Отнимает силы мое депрессивное состояние, оно тоже у меня случается. Опускаются руки, не знаю, что делать, хочется кричать. Но, к моему счастью, я упорно учусь с этим справляться и у меня получается. Если взять первый год, когда мы с этой проблемой только столкнулись, мне было очень сложно, гораздо сложнее, чем сейчас, когда у меня уже есть опыт управления своими негативными эмоциями.
Самое важное для меня — чтобы мой ребенок в будущем был самостоятельным. Чем он будет заниматься, какую профессию выберет, какие политические, религиозные и другие взгляды у него будут, заведет ли семью, детей — не имеет для меня значения, главное, чтобы он мог о себе позаботиться, жить полноценной, самостоятельной жизнью. А пока что мы только думаем про школу для Ромы и надеемся, что та школа, которую мы выбрали, окажется подходящей.
Сейчас мы тратим все силы на то, чтобы помочь Роме развиваться, чтобы у него был тот максимум полезных занятий, который ему необходим. Но я не могу сказать, что живу только жизнью сына. В моем понимании каждый человек индивидуален, даже близнецы отличаются друг от друга и имеют право жить своей жизнью. У меня есть своя жизнь, у Рубена — своя, у каждого есть своя работа, свои интересы, и есть время только для нас двоих. К моему большому счастью, нам очень помогает моя мама. До этого примерно полтора года мы пытались справиться сами, пытались приглашать няню.
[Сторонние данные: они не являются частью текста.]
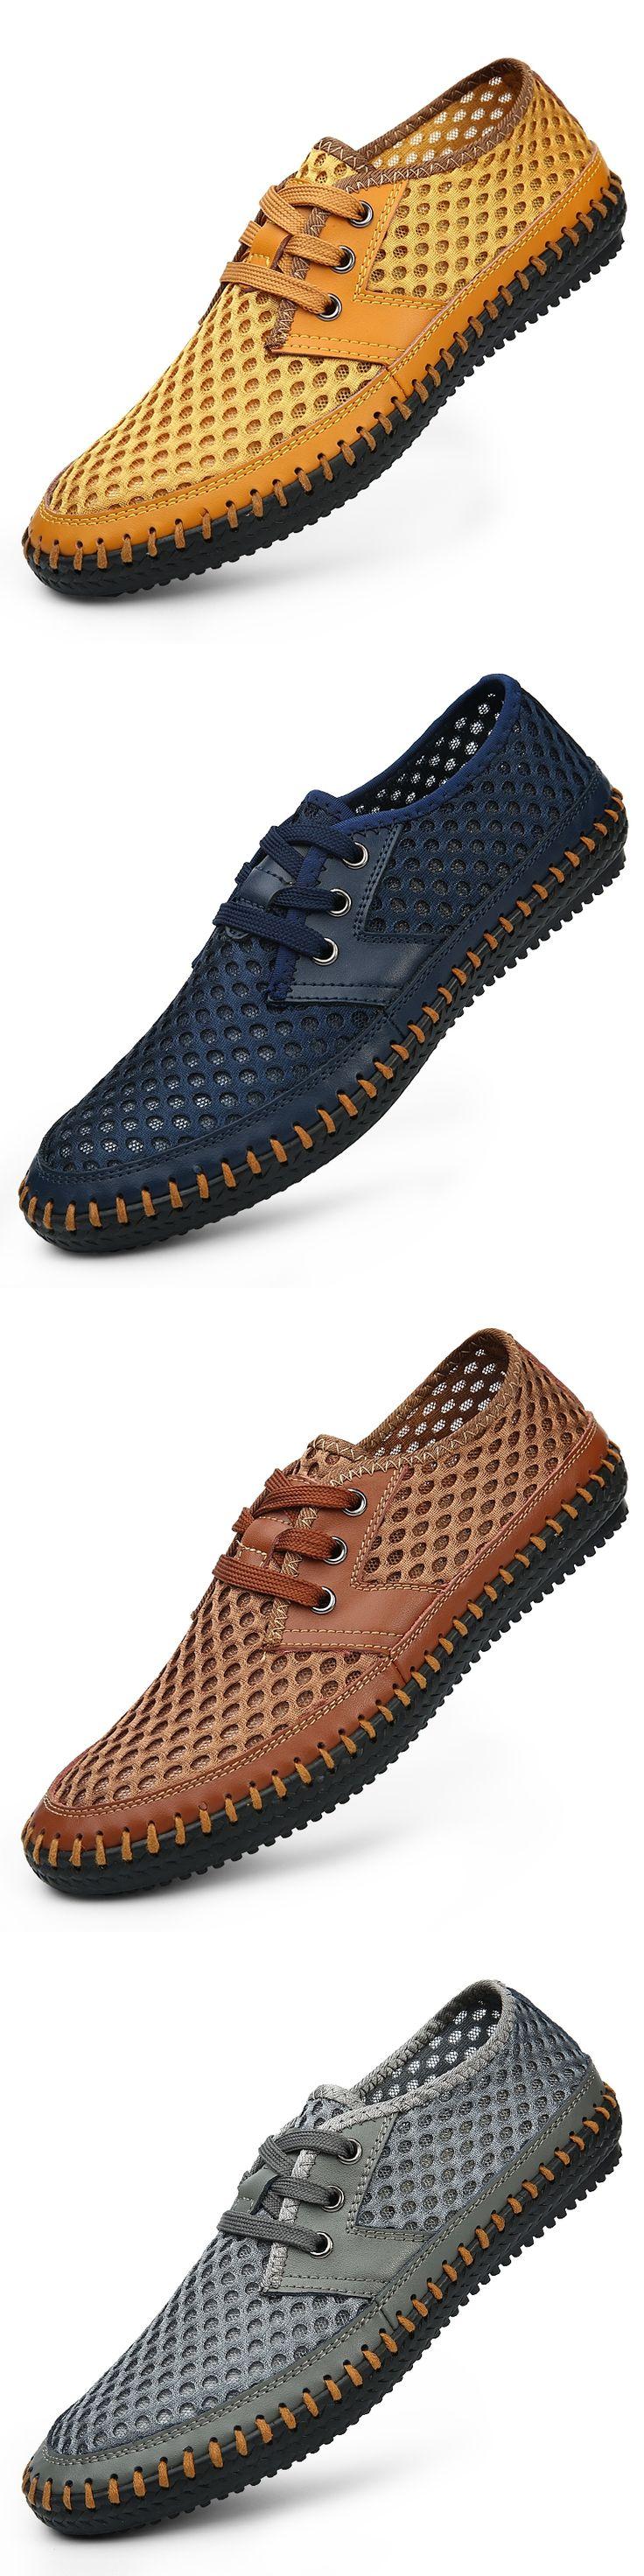 Men Sandals 2016 New Arrive Men'S Casual Sandals Super Breathable Skynet Lightweight Summer Shoes Breathable Mesh Men'S Sandals

Но с нянями было сложно, многие не понимают, как вести себя с ребенком, у которого нетипичное развитие. Когда мама приняла решение, что будет помогать нам с Ромой, стало намного лучше. Всем. (Улыбается.)
Аутизм поменял нас всех абсолютно, очень сильно, кардинально. Но я не могу сказать, что это толкнуло нас назад. Нас всех это толкнуло только вперед
У меня много разных проектов, но на первом месте всегда художественная гимнастика, что бы я ни делала — кино, театр, студия Topstretching, где я преподаю растяжку, творческие, рекламные съемки, это всегда касается гимнастики, моего прошлого, моего большого прошлого. Я не торможу себя, стараюсь развиваться. Совсем недавно закончила магистратуру в РГГУ — журфак, на следующей неделе поеду за дипломом. Уверена, что если бы я жила только жизнью ребенка — была бы несчастна. Успех и развитие Ромы во многом зависят от моего эмоционального состояния. Если я буду заниматься только сыном, я не справлюсь, не смогу дать ему то, что даю сейчас. Чем больше у меня занятий и проектов, чем плотнее график, тем лучше настроен день, тем сильнее все мобилизованы и включены в работу. И у Ромы дела идут гораздо лучше, чем в то время, когда я была с ним дома одна и ощущала себя очень депрессивно. Я эмоционально срывалась, и прогресс у Ромы был гораздо меньше, чем сейчас, когда каждый занят своим делом.
Конечно, если бы у Ромы не было аутизма, наша жизнь сложилась бы иначе. Как — сказать не могу. Аутизм поменял нас всех абсолютно, очень сильно, кардинально. Но я не могу сказать, что это толкнуло нас назад. Нас всех это толкнуло только вперед.